=== WORK REQUEST ===
The entries are to be given again in full. Every word must match.

=== DATA FOR THIS TASK ===
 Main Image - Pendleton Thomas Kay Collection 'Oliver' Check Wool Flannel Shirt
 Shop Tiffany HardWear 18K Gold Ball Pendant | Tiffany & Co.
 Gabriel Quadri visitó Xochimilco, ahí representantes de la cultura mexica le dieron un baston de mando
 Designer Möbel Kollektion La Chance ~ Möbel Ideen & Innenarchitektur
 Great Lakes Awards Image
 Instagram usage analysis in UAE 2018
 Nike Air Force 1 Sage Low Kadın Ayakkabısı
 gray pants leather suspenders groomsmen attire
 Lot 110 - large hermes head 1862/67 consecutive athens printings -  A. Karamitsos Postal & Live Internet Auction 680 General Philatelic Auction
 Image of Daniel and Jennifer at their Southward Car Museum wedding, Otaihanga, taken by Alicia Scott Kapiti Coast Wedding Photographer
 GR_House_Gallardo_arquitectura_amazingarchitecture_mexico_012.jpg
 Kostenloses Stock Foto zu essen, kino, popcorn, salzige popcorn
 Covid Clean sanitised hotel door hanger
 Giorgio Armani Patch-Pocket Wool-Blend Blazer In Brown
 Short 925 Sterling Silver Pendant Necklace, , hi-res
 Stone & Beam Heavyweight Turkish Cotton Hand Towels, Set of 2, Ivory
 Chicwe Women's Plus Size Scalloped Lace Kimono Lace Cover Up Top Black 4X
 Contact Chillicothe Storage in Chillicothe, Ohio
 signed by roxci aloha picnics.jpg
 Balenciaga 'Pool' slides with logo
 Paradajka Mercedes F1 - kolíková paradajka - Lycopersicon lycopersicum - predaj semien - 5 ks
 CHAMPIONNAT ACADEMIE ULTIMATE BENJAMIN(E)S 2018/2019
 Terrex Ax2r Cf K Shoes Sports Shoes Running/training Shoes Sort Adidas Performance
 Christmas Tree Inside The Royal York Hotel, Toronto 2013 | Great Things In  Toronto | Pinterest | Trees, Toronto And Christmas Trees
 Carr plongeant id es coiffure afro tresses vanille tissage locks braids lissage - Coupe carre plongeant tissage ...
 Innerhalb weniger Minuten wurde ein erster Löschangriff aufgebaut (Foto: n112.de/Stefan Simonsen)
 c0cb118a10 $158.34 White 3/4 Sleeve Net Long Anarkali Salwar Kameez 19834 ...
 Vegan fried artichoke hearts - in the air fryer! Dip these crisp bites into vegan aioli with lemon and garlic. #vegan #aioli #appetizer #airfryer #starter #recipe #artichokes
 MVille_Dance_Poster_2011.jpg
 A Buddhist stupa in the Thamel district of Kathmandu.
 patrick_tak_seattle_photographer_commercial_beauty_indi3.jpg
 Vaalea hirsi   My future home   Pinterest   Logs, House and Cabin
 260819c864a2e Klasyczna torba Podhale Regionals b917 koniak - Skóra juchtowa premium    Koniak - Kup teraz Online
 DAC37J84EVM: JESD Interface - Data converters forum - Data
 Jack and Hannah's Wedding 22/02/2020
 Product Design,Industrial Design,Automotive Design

=== RESPONSE BOX ===
 Main Image - Pendleton Thomas Kay Collection 'Oliver' Check Wool Flannel Shirt
 Shop Tiffany HardWear 18K Gold Ball Pendant | Tiffany & Co.
 Gabriel Quadri visitó Xochimilco, ahí representantes de la cultura mexica le dieron un baston de mando
 Designer Möbel Kollektion La Chance ~ Möbel Ideen & Innenarchitektur
 Great Lakes Awards Image
 Instagram usage analysis in UAE 2018
 Nike Air Force 1 Sage Low Kadın Ayakkabısı
 gray pants leather suspenders groomsmen attire
 Lot 110 - large hermes head 1862/67 consecutive athens printings -  A. Karamitsos Postal & Live Internet Auction 680 General Philatelic Auction
 Image of Daniel and Jennifer at their Southward Car Museum wedding, Otaihanga, taken by Alicia Scott Kapiti Coast Wedding Photographer
 GR_House_Gallardo_arquitectura_amazingarchitecture_mexico_012.jpg
 Kostenloses Stock Foto zu essen, kino, popcorn, salzige popcorn
 Covid Clean sanitised hotel door hanger
 Giorgio Armani Patch-Pocket Wool-Blend Blazer In Brown
 Short 925 Sterling Silver Pendant Necklace, , hi-res
 Stone & Beam Heavyweight Turkish Cotton Hand Towels, Set of 2, Ivory
 Chicwe Women's Plus Size Scalloped Lace Kimono Lace Cover Up Top Black 4X
 Contact Chillicothe Storage in Chillicothe, Ohio
 signed by roxci aloha picnics.jpg
 Balenciaga 'Pool' slides with logo
 Paradajka Mercedes F1 - kolíková paradajka - Lycopersicon lycopersicum - predaj semien - 5 ks
 CHAMPIONNAT ACADEMIE ULTIMATE BENJAMIN(E)S 2018/2019
 Terrex Ax2r Cf K Shoes Sports Shoes Running/training Shoes Sort Adidas Performance
 Christmas Tree Inside The Royal York Hotel, Toronto 2013 | Great Things In  Toronto | Pinterest | Trees, Toronto And Christmas Trees
 Carr plongeant id es coiffure afro tresses vanille tissage locks braids lissage - Coupe carre plongeant tissage ...
 Innerhalb weniger Minuten wurde ein erster Löschangriff aufgebaut (Foto: n112.de/Stefan Simonsen)
 c0cb118a10 $158.34 White 3/4 Sleeve Net Long Anarkali Salwar Kameez 19834 ...
 Vegan fried artichoke hearts - in the air fryer! Dip these crisp bites into vegan aioli with lemon and garlic. #vegan #aioli #appetizer #airfryer #starter #recipe #artichokes
 MVille_Dance_Poster_2011.jpg
 A Buddhist stupa in the Thamel district of Kathmandu.
 patrick_tak_seattle_photographer_commercial_beauty_indi3.jpg
 Vaalea hirsi   My future home   Pinterest   Logs, House and Cabin
 260819c864a2e Klasyczna torba Podhale Regionals b917 koniak - Skóra juchtowa premium    Koniak - Kup teraz Online
 DAC37J84EVM: JESD Interface - Data converters forum - Data
 Jack and Hannah's Wedding 22/02/2020
 Product Design,Industrial Design,Automotive Design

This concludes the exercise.